A mortgage-centric depository was the next stop:

That's what I do for a living, but also had a business model that I thought would be a really good value proposition. I found that a decade ago at The Federal Savings Bank. I was like, 'this is crazy.' This is unlike any other market player that I know of, because 95% of all the revenue of The Federal Savings Bank comes from mortgage. It started as a mortgage banker, veteran-owned. They purchased a bank along the way. The Federal Savings Bank, for example, doesn't have credit cards, student loans, car loans, business loans. Basically, it's a mortgage company.

What makes it different:

To me, it was a combination of being able to have a fully focused mortgage company, the ability to offer correspondent options, which is that menu of products like from when I was a mortgage broker that I loved. Banks don't usually have the option to [sell to] 30 different investors. It's very unusual for a bank to be doing non-QM over the last 10 years. Then on top of that, they have portfolio lending. When I first started, we were in our infancy with portfolio lending. It's now a core business, the centerpiece of our lending strategy overall, and our bankers can be more effective because they have access to every product.

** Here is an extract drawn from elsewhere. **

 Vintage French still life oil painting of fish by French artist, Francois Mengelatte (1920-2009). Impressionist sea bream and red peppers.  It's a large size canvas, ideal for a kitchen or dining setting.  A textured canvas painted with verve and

Responding to the changing landscape:

We're not waiting for every banking solution in the world. What we're looking for is solutions for mortgage customers. That personal loan, which started as a VA loan, was a VA debt consolidation loan. That was the original birth of the loan. We started to do it, not just for VA customers, but for all customers. When we saw all the issues bubbling up in the residential real estate brokerage industry, we decided we could reposition it. We didn't change anything in terms of writing or anything else, but we think that there's a need for people on the purchase side. Now, buyers potentially have to finance their brokerage fees. That's a really sexy tie-in to our Realtor agents, who are our most important referral sources. We really think that there's a lot of opportunity to help them sell more properties, plus help the customers who might not have enough money to pay a brokerage fee out of pocket.

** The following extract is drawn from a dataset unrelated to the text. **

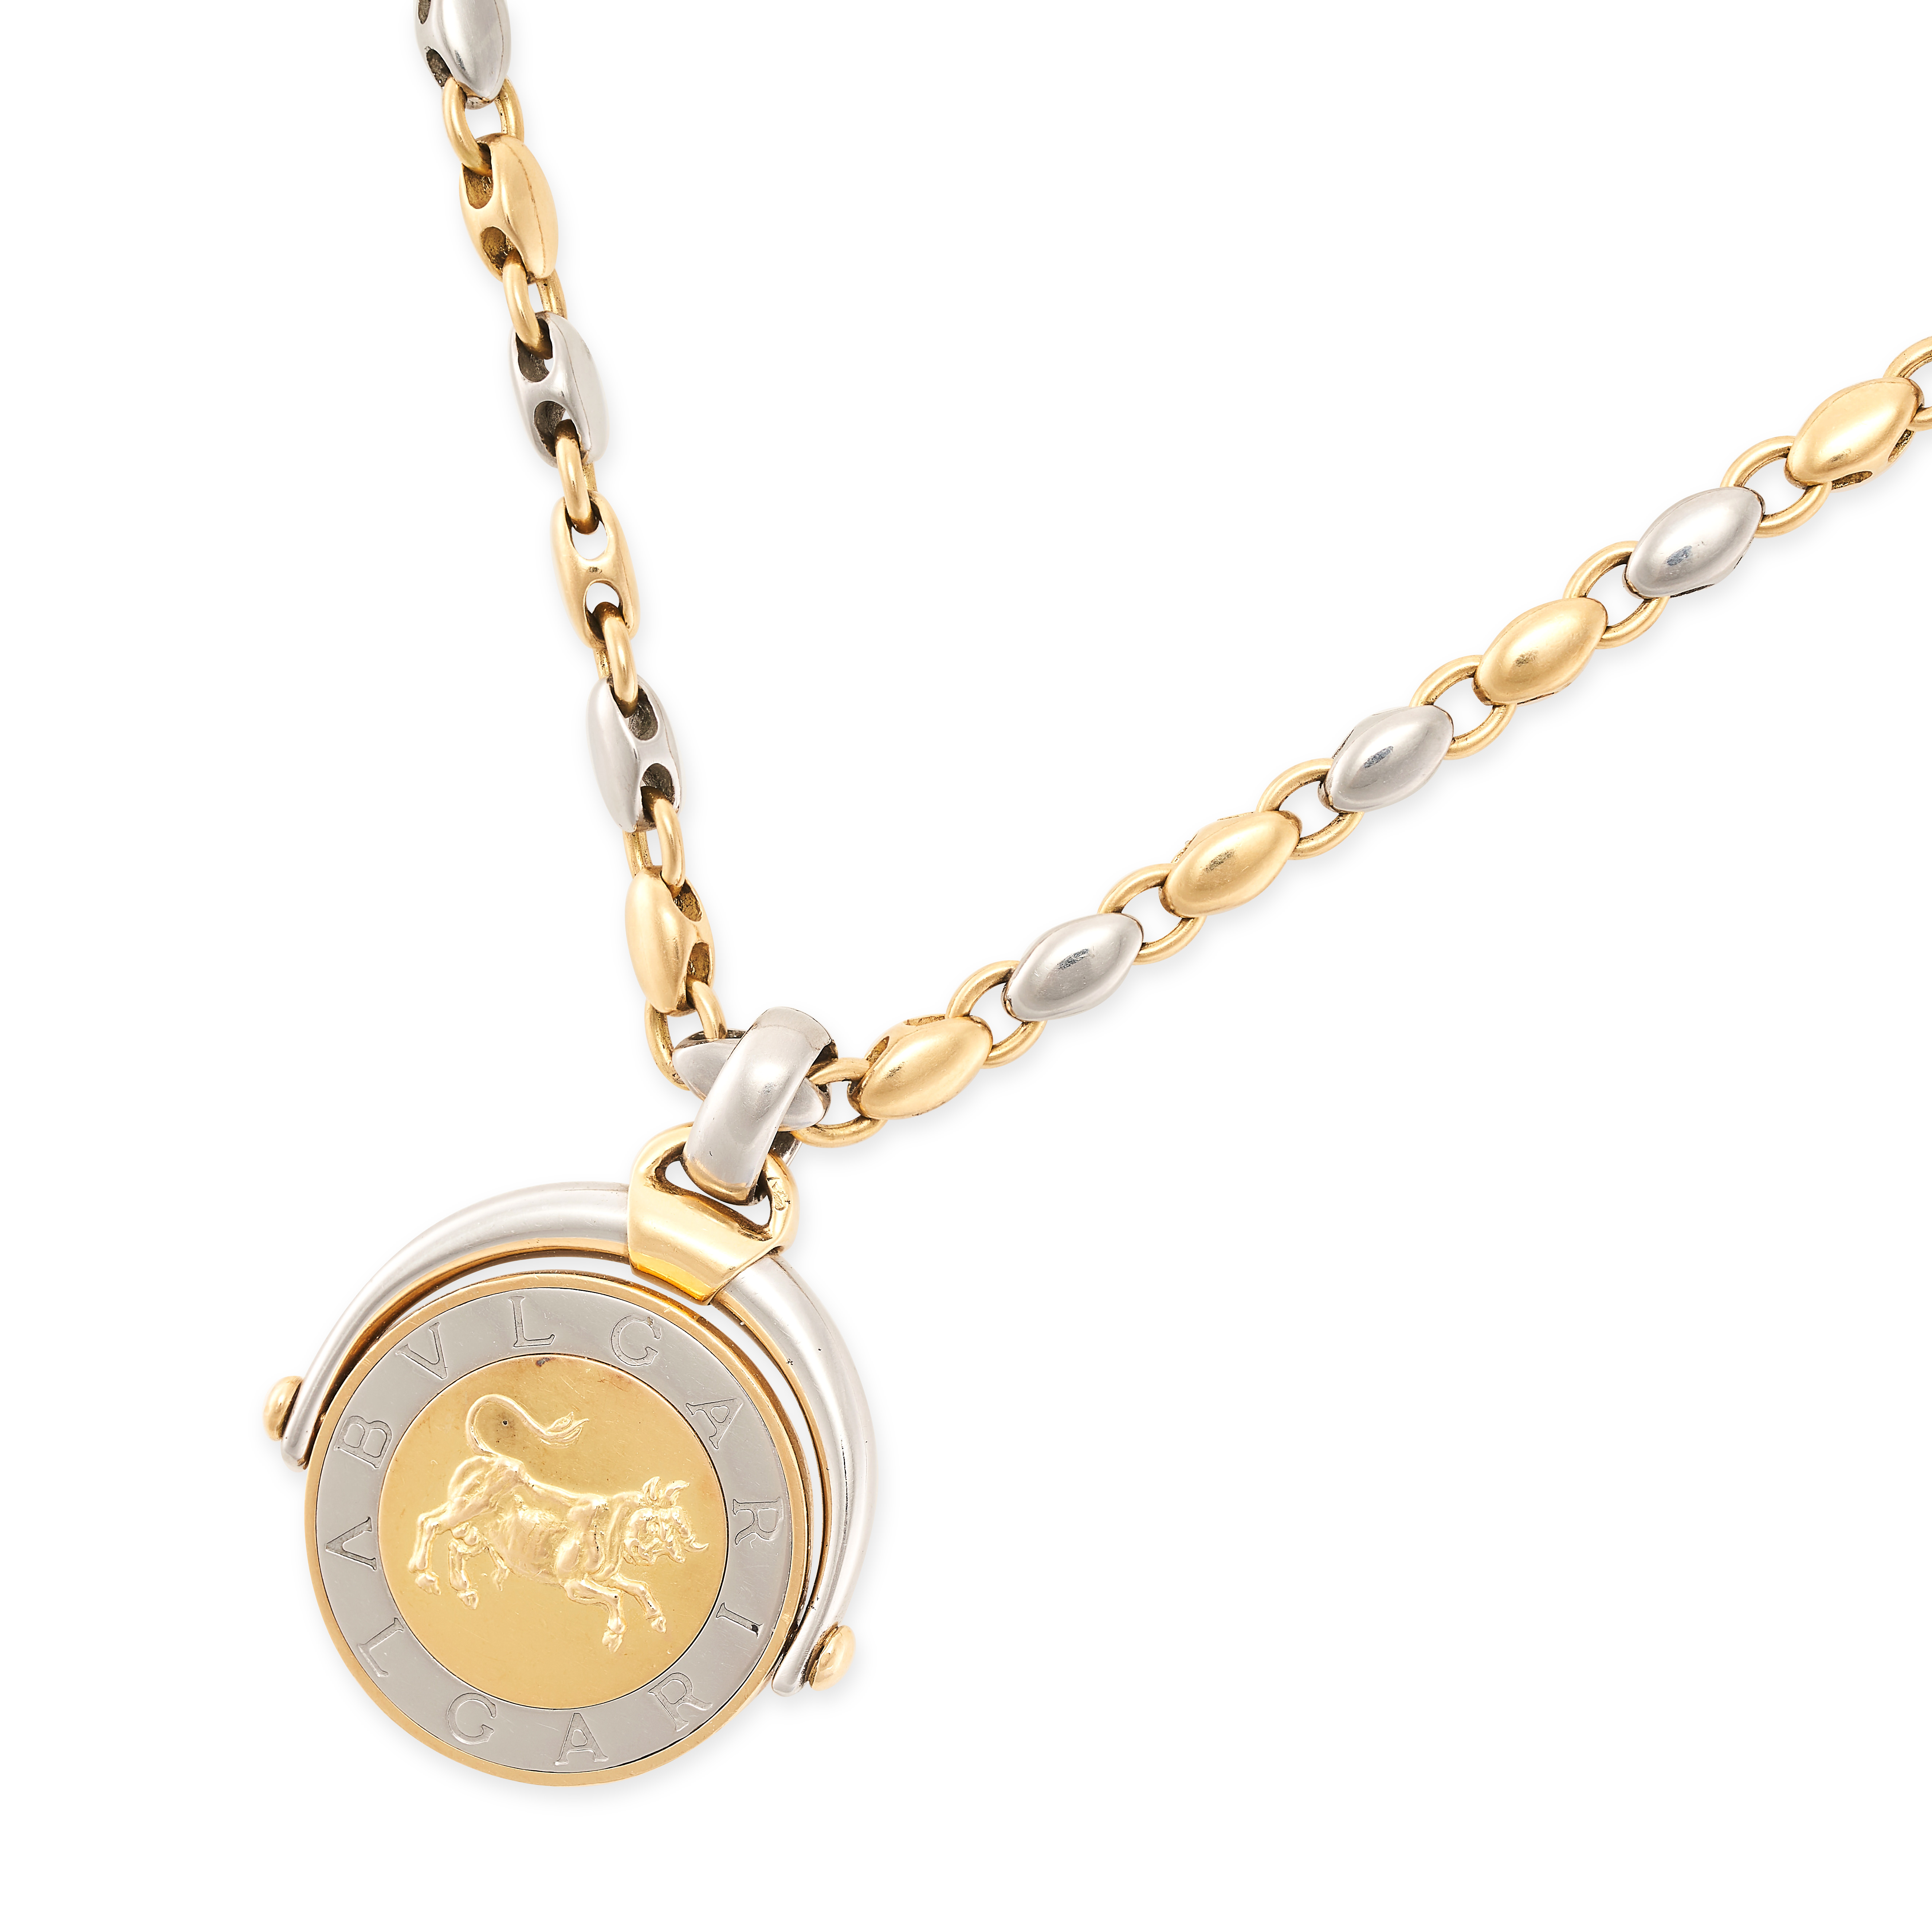 BVLGARI, A TAURUS ZODIAC COIN PENDANT NECKLACE in 18ct yellow gold and steel, comprising a

Helping ITIN consumers buy a home:

Another one of the things we do is a 90% ITIN loan, which is for people who don't have Social Security numbers. We just got regulatory approval to offer ITIN checking accounts now, for people who don't have Social Security numbers. That's where we designed a banking product that its only purpose is to help our mortgage customers. We're doing it to help people who are ITIN candidates for a mortgage to get a mortgage. Everything we do has that same mission to tie back the mortgage.